If that's what you want, then okay, but that's not what I've been led to believe a cluster-randomized study design is supposed to look like, and I suggest describing the study design differently. Again, that's just preliminary clarification of what your intention is.
Comment
Laura Myles

Join Date: Jun 2018

Posts: 153
#3

08 Apr 2022, 07:13

Hi Joseph Coveney you are absolutely right, each cluster is allocated to one arm in the trial - thanks for spotting the issue. I modified my code to fix it and it seems to be working ok. Could you also advise on the best way to simulate the data?

clear
set seed 12345

set obs 20
g clusternum = _n

sort clusternum
sum clusternum
local mid = `r(N)'/2
local mid2 = `mid'+1
di `mid'
g group = 1 in 1/`mid'
replace group = 2 in `mid2'/`r(N)'

g obs_per_cluster = 5
expand obs_per_cluster
tab cluster group

bysort clusternum: g id = _n

g pid = _n

* Set icc same in both groups
local icc = 0.25
g sigma = sqrt((`icc' * _pi^2) / (3-3 *`icc'))
g double pid_u = rnormal(0, sigma)

g pr1 = logit(0.2) if group==1
g xbu1 = pr1+ pid_u
g byte out1 = rbinomial(1, invlogit(xbu1)) if group==1
tab out1
g pr2 = logit(0.5) if group==2
g xbu2 = pr2+ pid_u
g byte out2 = rbinomial(1, invlogit(xbu2)) if group==2
tab out2

g out = out1 if group==1
replace out = out2 if group==2
tab out group, col

xtlogit out i.group, i (pid) re nolog
Comment

Joseph Coveney

Join Date: Apr 2014
Posts: 4356

08 Apr 2022, 08:28

Originally posted by Laura Myles View Post

Could you also advise on the best way to simulate the data?

You could try something along the lines below.

Code:

version 17.0

clear *

// seedem
set seed 1242987606

program define simem, rclass
    version 17.0
    syntax , [k(int 20) Icc(real 0.25) n(int 5) ///
        Outcomes(numlist min=2 max=2 >0 <1) Alpha(real 0.05)]

    drop _all

    // Clusters
    set obs `k'
    generate int cid = _n
    generate double cid_u = rnormal(0, sqrt(`icc' * _pi^2 / (3 - 3 *`icc')))

    // Treatment groups
    generate byte trt = mod(_n, 2)

    // Cluster size (you do not need to identify individual participants)
    expand `n'

    // Outcomes
    if missing("`outcomes'") {
        local control 0.2
        local experimental 0.5
    }
    else gettoken control experimental : outcomes
    generate double xbu = logit(!trt * `control' + trt * `experimental') + cid_u

    generate byte out = rbinomial(1, invlogit(xbu))

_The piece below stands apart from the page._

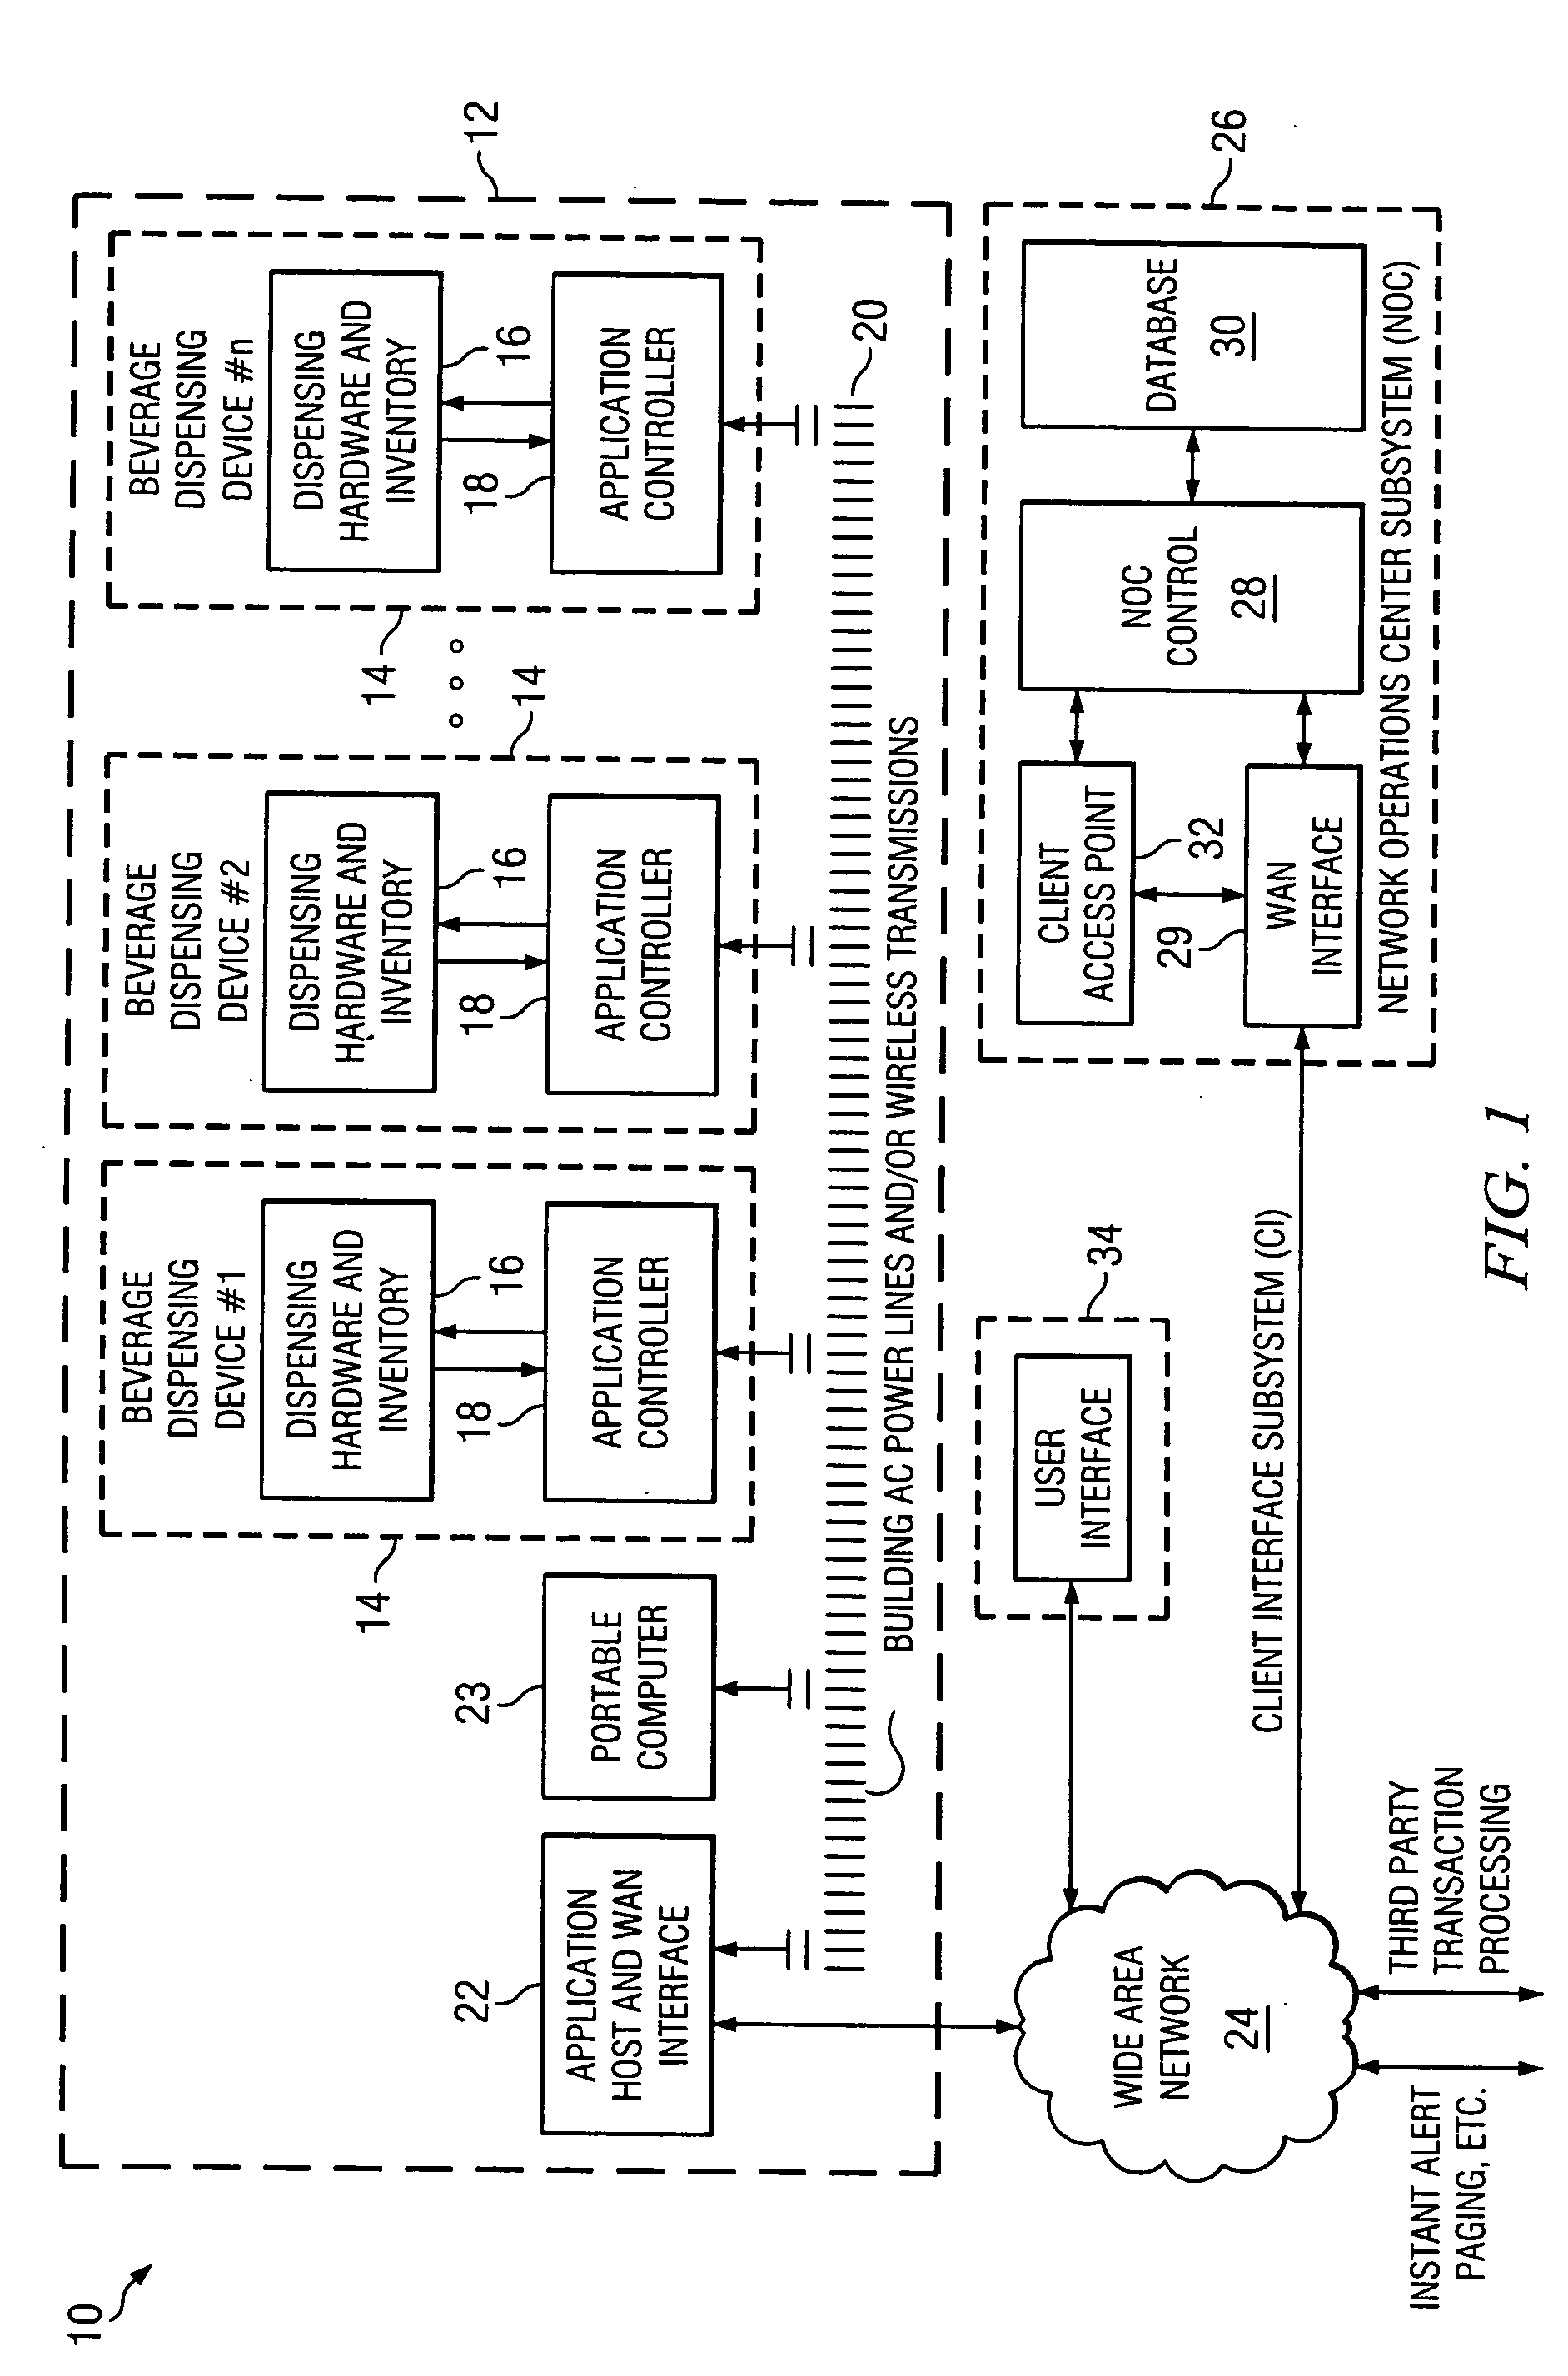 System and method for monitoring and control of beverage dispensing equipment

    xtlogit out i.trt, i(cid)
    return scalar pos = r(table)["pvalue", "out:1.trt"] <= `alpha'
    return scalar rho = r(table)["b", "_diparm1:rho"]
end

simulate pos = r(pos) rho = r(rho), reps(1000) nodots: simem

summarize rho, meanonly
display in smcl as text "Average ICC = " as result %04.2f r(mean)

exit

A few notes.

First, the unit of analysis is cluster and not individual participant, and so that's where your ICC and random effect specification for -xtlogit- need to come into play.

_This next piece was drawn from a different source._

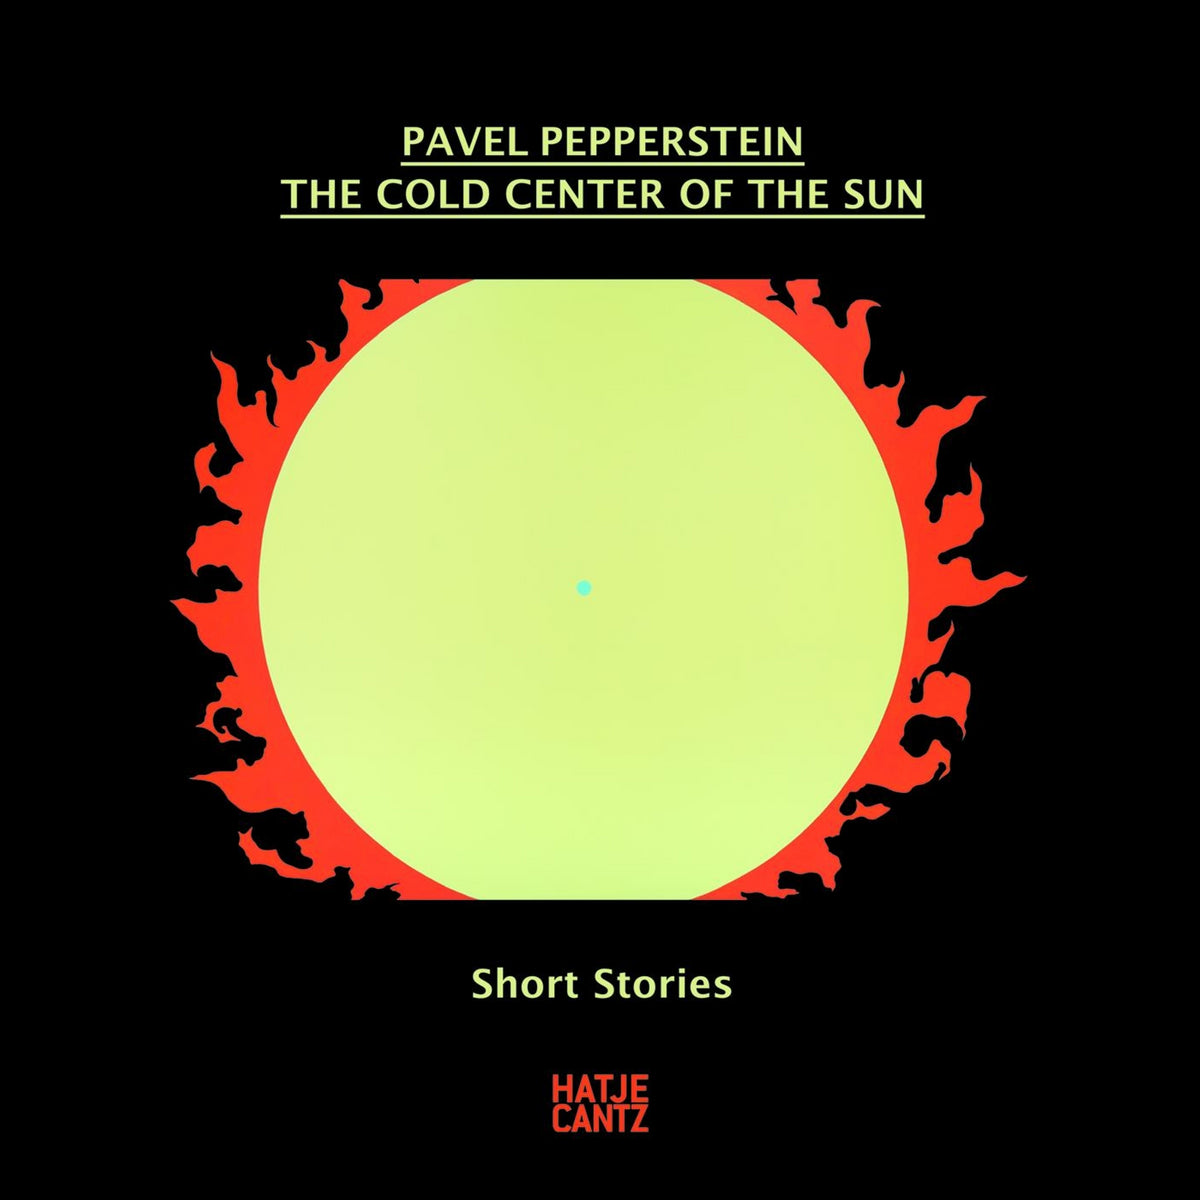 Coverbild Pavel Pepperstein. The Cold Center of the Sun

Second, if you're going to do simulations, then you'll need to put the data-generating process into a program (ado) and call it repeatedly with something like -simulate-.

Last, with so few clusters, you're not likely to hit exactly on the desired ICC of 0.25, but it should be fairly close: an average of 0.22 in the example above, if you decide to run the code with the seed shown there. And your use of estimation / test methods like -xtlogit- that assume large-sample sizes is a little iffy, especially with cluster numbers (they matter much more than counts within clusters) in the neighborhood of twenty.

Comment

Laura Myles

Join Date: Jun 2018

Posts: 153
#5

08 Apr 2022, 11:00

Thanks Joseph Coveney - this is really helpful.

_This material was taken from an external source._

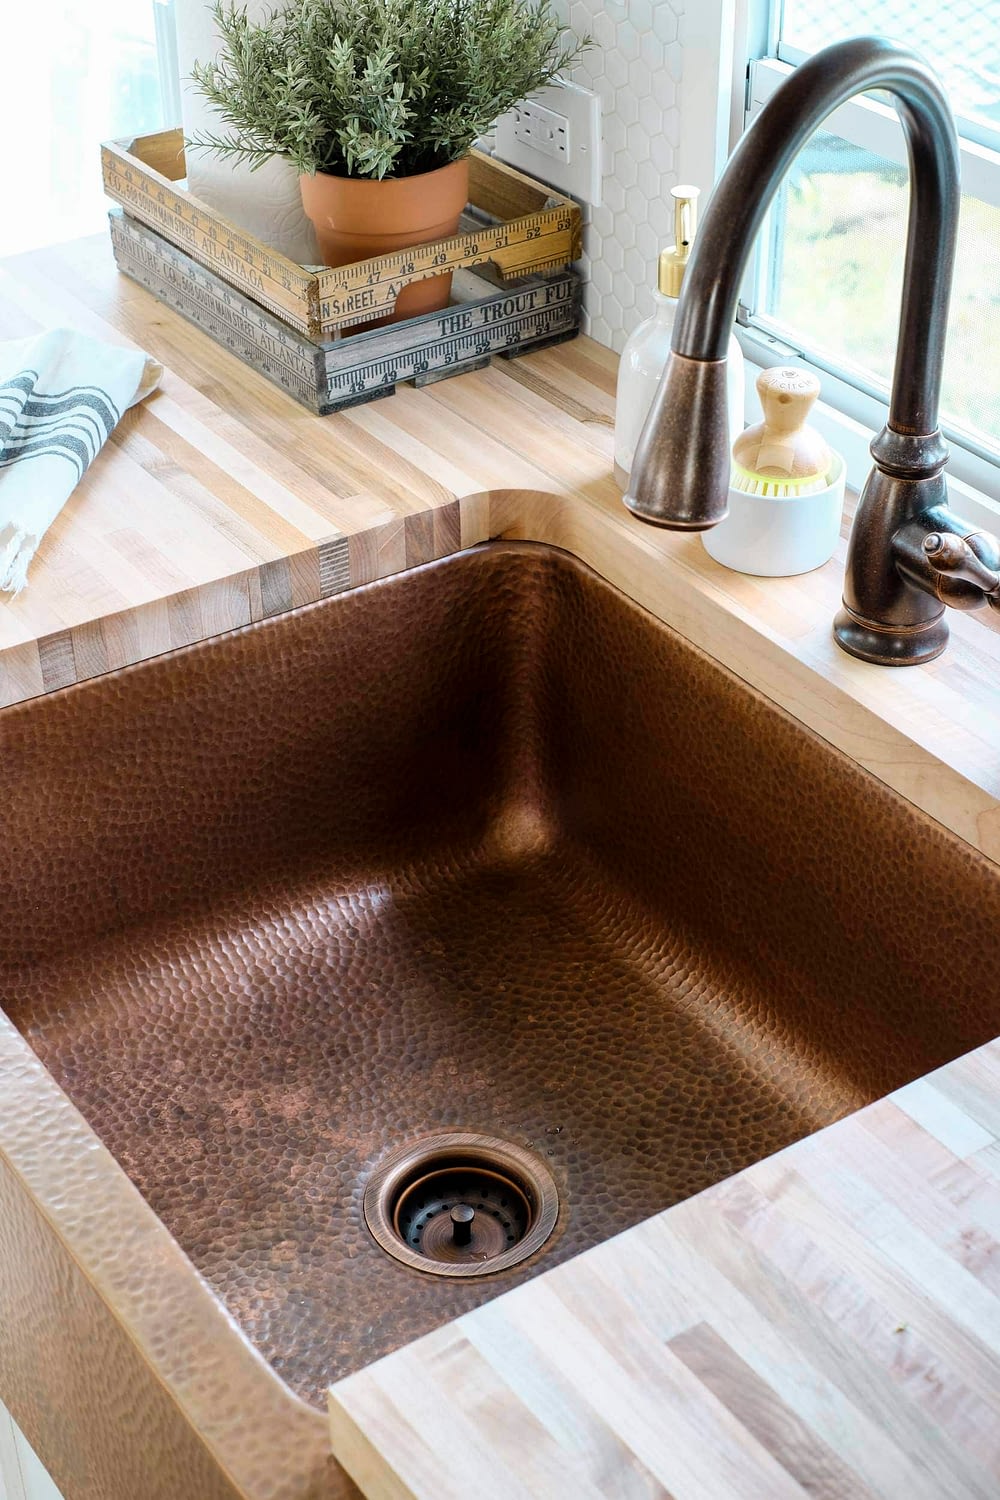 RV kitchen remodel featuring an apron front copper sink

I am very new to writing little programs so I opted for starting with a basic do file and then build the ado - I thought this would help with debugging and making sure everything works. You having added the structure for the ado is really helpful too.

We plan to have more clusters (~30) and more participants per clusters but I wanted to start with small numbers to make checking easier while writing the code.
Comment
Joseph Coveney

Join Date: Apr 2014

Posts: 4356
#6

08 Apr 2022, 20:54

Originally posted by Laura Myles View Post

I am very new to writing little programs so I opted for starting with a basic do file and then build the ado - I thought this would help with debugging and making sure everything works.

OK, I suspected as much, but wanted to mention it anyway. You might want to walk through what I have there and make sure that I haven't made any goofs.

Also, when you go to using your program in simulations, you might want to add a limitation to the number of iterations in order to force a timeout in case a particular realized dataset won't allow xtlogit to converge. Something maybe along these lines:

Code:

xtlogit out i.trt, i(cid) re iterate(50) if e(converged) { return scalar pos = r(table)["pvalue", "out:1.trt"] < `alpha' return scalar rho = r(table)["b", "_diparm1:rho"] } else { return scalar pos = .c return scalar rho = .c }

For simple regression models and large enough samples, it won't likely be a problem, but if you anticipate occasional failures to converge among thousands of iterations, then you'll save some time by cutting those short.
2 likes
Comment
Laura Myles

Join Date: Jun 2018

Posts: 153
#7

13 Apr 2022, 14:28

Hi Joseph Coveney , I finally spent more time on this and I have a follow-up question. I should first give you some more information. I had estimated the needed sample size for the trial to have 90% power, using the -power- command in Stata - disease rate is low:

power twoproportions 0.07 0.01, p(.9) cluster m1(15) m2(15) rho(0.01)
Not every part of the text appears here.